Proteins were separated by sodium dodecyl sulfate–polyacrylamide gel electrophoresis (SDS-PAGE; 8–12%) and transferred onto polyvinylidene fluoride membranes (Merck). The membranes were blocked in 5% milk solution or 5% BSA made up in PBS-Tween-20 (PBST) for 1 h at RT. Subsequently, the membranes were incubated in primary antibodies diluted in 3% milk or 3% BSA in PBST overnight at 4 °C. Secondary antibodies conjugated to HRP were from GE Healthcare and used at 1:10,000 for 1 h at RT. The bands were visualised using ECL Western blotting substrates (ThermoFisher Scientific or GE Healthcare) and the Odyssey Fc-detection system (LI-COR). Western blot band intensities were analysed in Image studio Lite followed by appropriate statistical analysis. For GFP-trap and co-IPs, bound proteins were normalised to their respective inputs. Power calculations, based on previous similar experiments16, were used to define appropriate sample sizes. Statistical significance was determined using t-test for two-condition (control vs NMDA) experiments, or two-way ANOVA followed by Tukey’s post-hoc test for experiments with multiple conditions (e.g. control vs NMDA or control vs DDX6 shRNA combined with three different transfection conditions).
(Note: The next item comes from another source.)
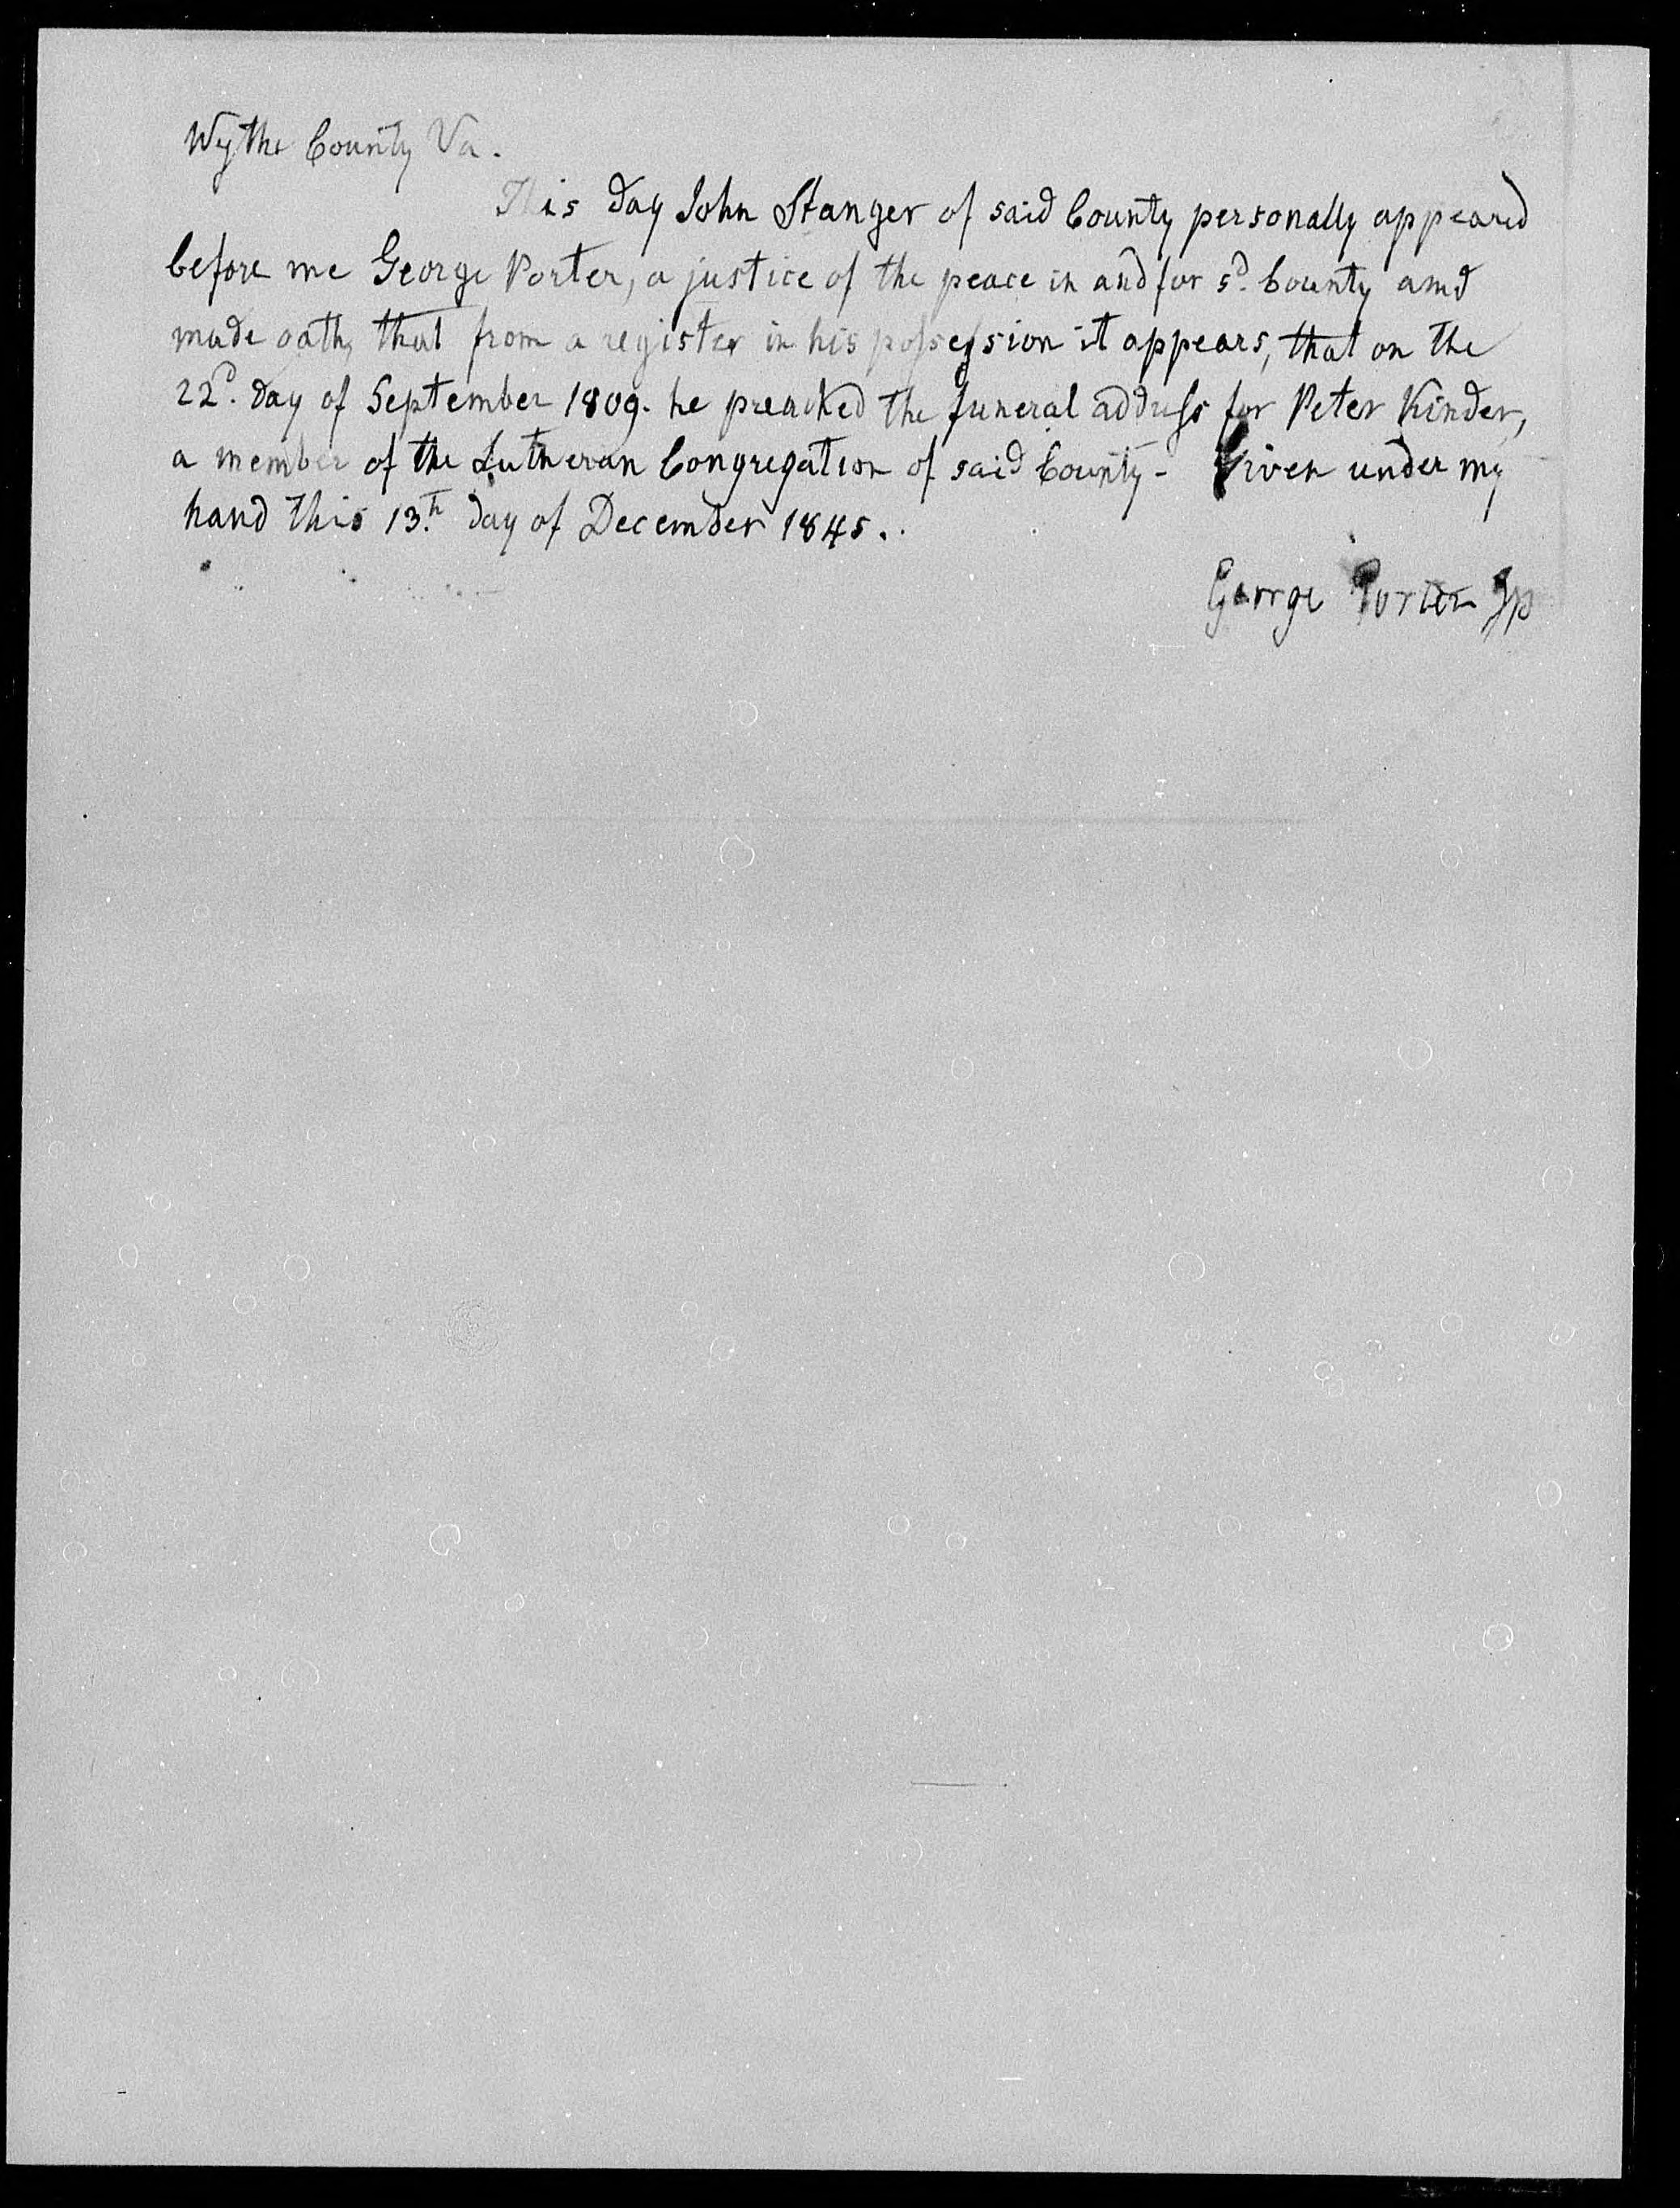 Affidavit of John Stanger concerning Peter Kinder, 13 December 1845, page 1

The antibodies used for Western blotting, including dilutions, were as follows: Ago2 (C34C6; Cell Signaling Technology; 1:500 and 67934; Proteintech; 1:1000); DDX6 (A300-461A; Bethyl Laboratories; 1:2000); CNOT1 (D5M1K; Cell Signaling Technology; 1:1000); Limk1 (A302-670A; Bethyl Laboratories; 1:1000); GFP (PABG1; ChromoTek; 1:1000); mCherry (5F8; ChromoTek; 1:2000); Apt1 (Bethyl Laboratories; 1:1000); GAPDH (Ab8245; Abcam; 1:10000). Uncropped blots are presented in Supplementary Fig. 3.